A plan for making education inclusive launched in 2017. Yet roughly 90% of children with special education needs were outside the inclusive system, and the war has pushed more families into isolation, not less. Home-based care, daycare, supported living, transport, and sign language interpretation are available in theory. In practice, they depend on local budgets—which basically means they don't exist.
The gap between what exists on paper and reality is where 160,000 Ukrainian mothers live.
And that gap is measurable in the doctor's office. Mothers who rated their doctor interactions at 1-2 out of 5 showed significantly worse stress, anxiety, and depression scores across every scale the study measured. Medical communication isn't just bad bedside manner—it's a health hazard.
A laptop, a nanny, and 6 hours of respite
Having a child with disabilities need not entail the mother sacrificing her life. Expand day care services, create flexible work opportunities, and provide even 10-15 hours of respite per week—and many mothers could start training or working. UNICEF recommends it. The EU demands it as part of Ukraine's path to accession.

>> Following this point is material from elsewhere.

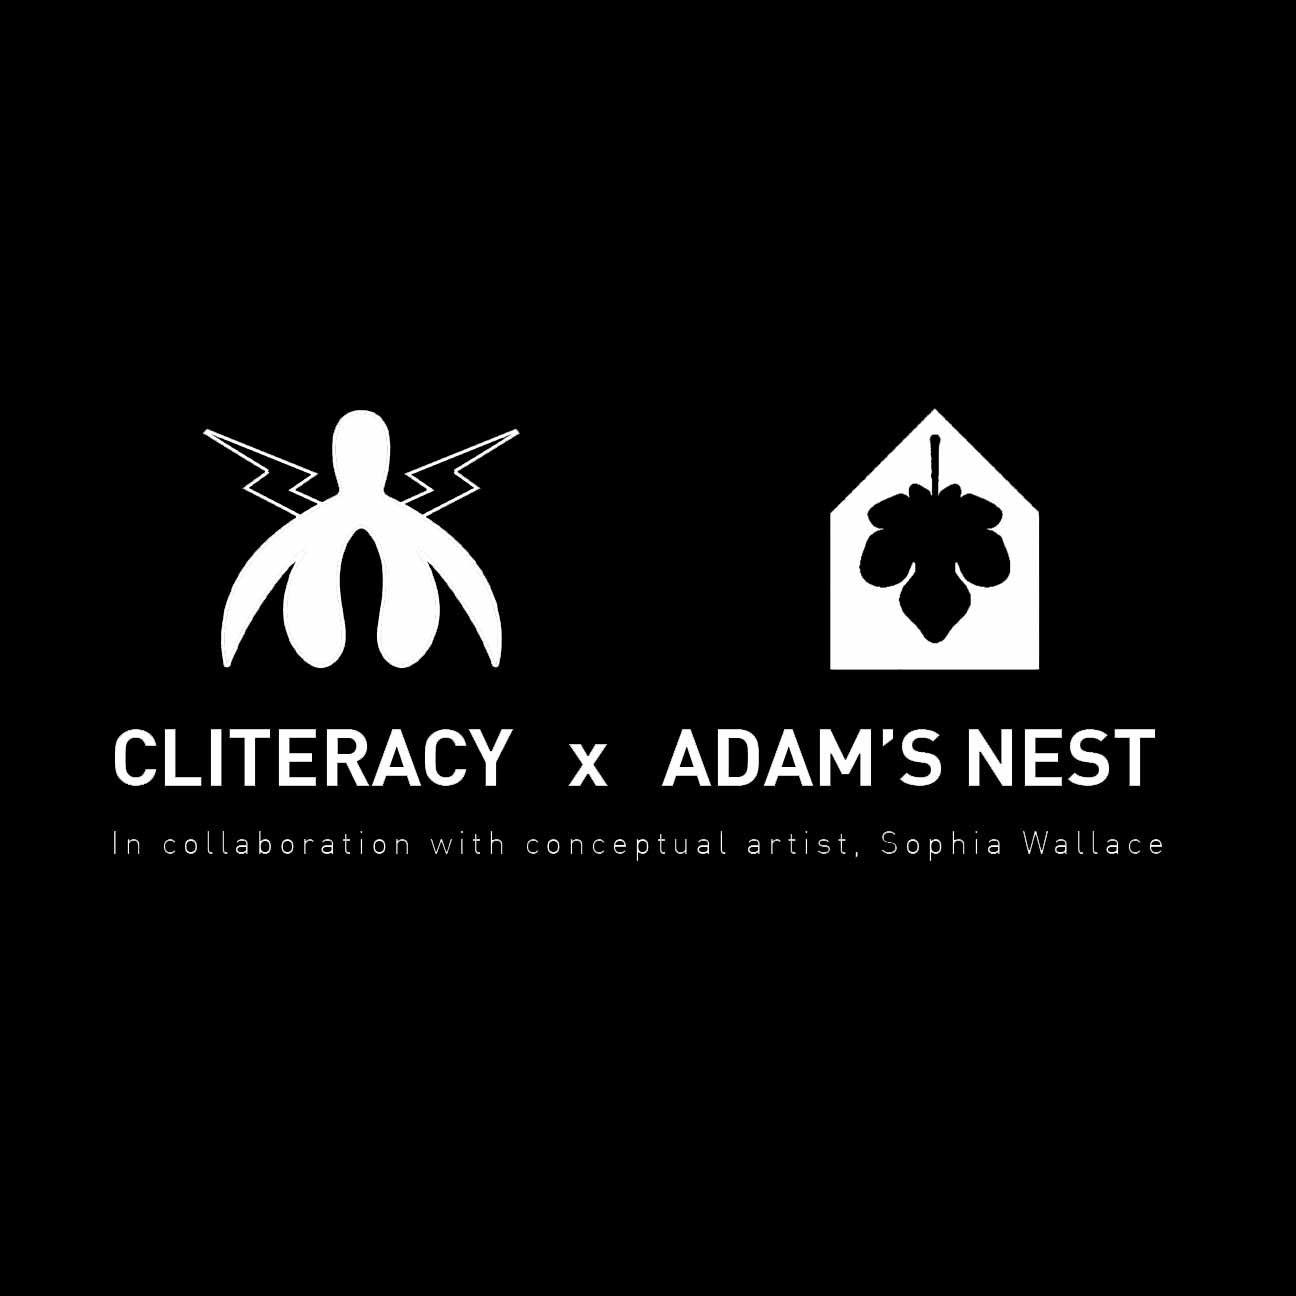 CLITERACY Sophia wallace and Adam's Nest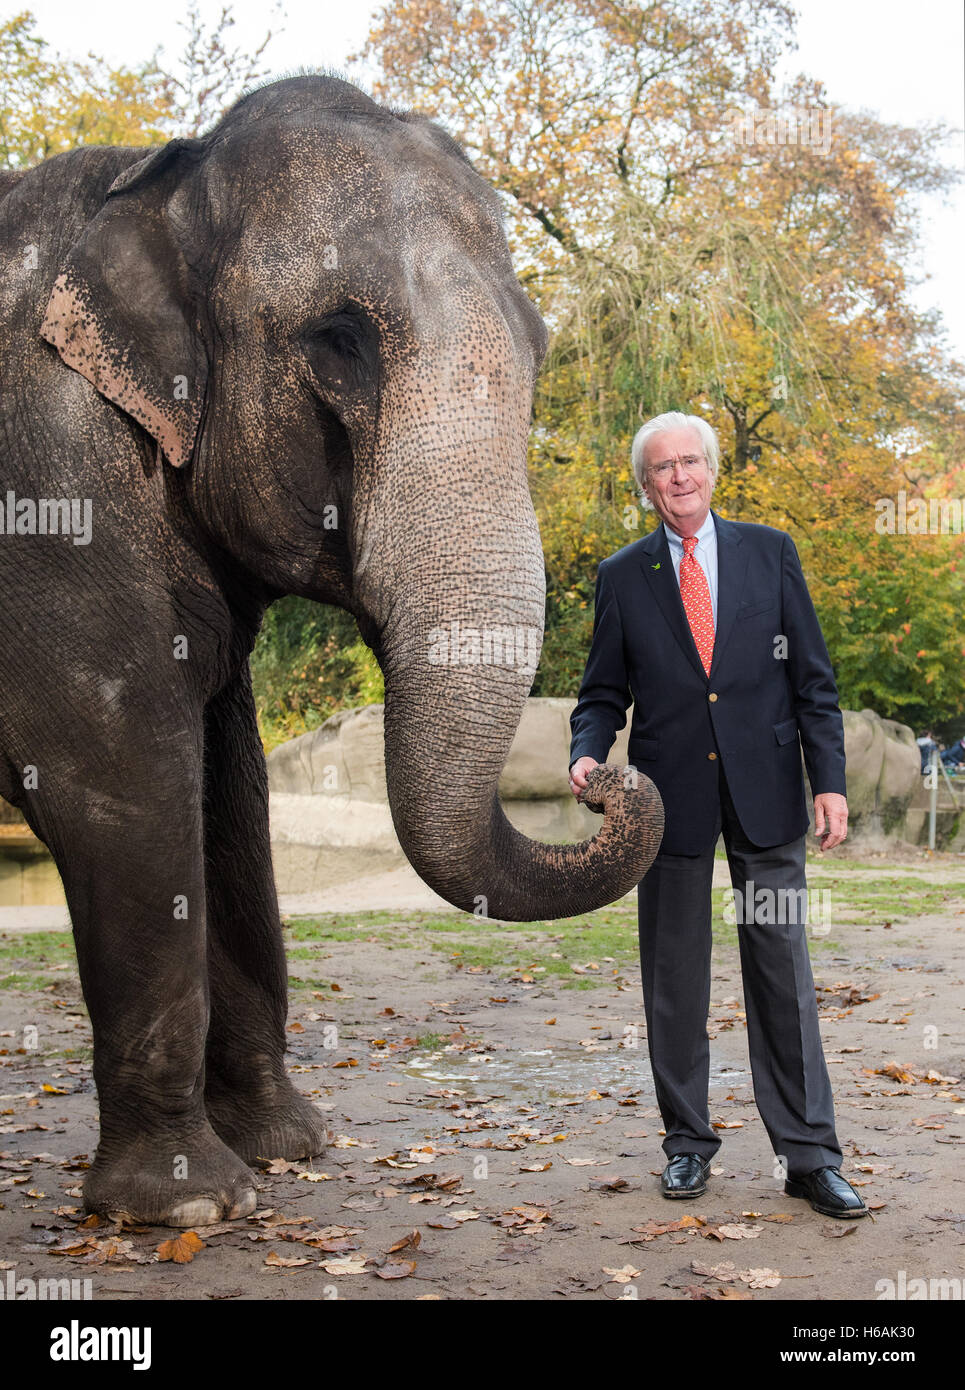 Hamburg, Germany. 26th Oct, 2016. The great-grandson of the founder of the zoo in Hamburg-Stellingen, today called Hagenbecks Tierpark, Carl Claus Hagenbeck, smiles next to elephant Shandra in Hagenbecks Tierpark in Hamburg, Germany, 26 October 2016. On 01 November 2016 Hagenbeck is celebrating his 75th birthday. Photo: DANIEL BOCKWOLDT/dpa/Alamy Live News Stock Photo

But the system actively punishes those who try. Under current rules, mothers risk losing disability-related payments when they take official employment. The study documented cases where a family's total income barely changed—or even dropped—after the mother started working. Official work becomes financially irrational. The study recommends replacing this cliff-edge cutoff with progressive reduction, so benefits decrease gradually as income rises instead of vanishing overnight.
A laptop, mentor, flexible schedule, and a respite nanny for 3-6 free hours a week would help most start training or working. But the digital infrastructure compounds every other problem: 40% of mothers report power outages four or more times per week, and 30% lack a proper device for remote work.
Most of all, what would help is feeling that they are not alone. One case manager can make all the difference. Alyona Deriabina's child got support from an Early Intervention Center, which offered a neurologist, massage, and physical therapy. "We talk on the phone every week. She helps a lot with development and goals, and best of all—she supports me. If every family had a case manager like this—it would be so helpful."
Loneliness at the core of it all
The contrast between what European countries offer and Ukraine's reality "hurts beyond belief," said Iryna Pypych, who left abroad with the start of Russia's full-scale war for the sake of her younger son with disabilities.
"I see what exists here, and am devastated by what we have [in Ukraine]. At home, we're surviving. I haven't thought about self-harm because I have my older son, but [isolation and extreme anxiety] are about me. I don't know what to do to at least bring us a little closer to the level of other countries. Mothers have neither the strength nor the resources for this. All of this can only be resolved at the state level, which seems completely unrealistic to me in Ukraine."
Women of old had a village to help raise their child. The mothers of children with disabilities today have isolation, anxiety, and, often, condemnation. The loneliness is a special type of hell, Tetianka Shcherbyna commented.
"So many moms—and I'm one of them—are forced to raise their children on their own. Or there's a husband around, but instead of support, there's only blame and pressure. This is emotionally draining and saps the last of one's strength."
Nobody is insured against having a child with disabilities. But Ukraine could insure its mothers against facing the odds alone. The legislation is there, and so is the EU pressure. What is absent is the funds, political will, and, often, simple compassion.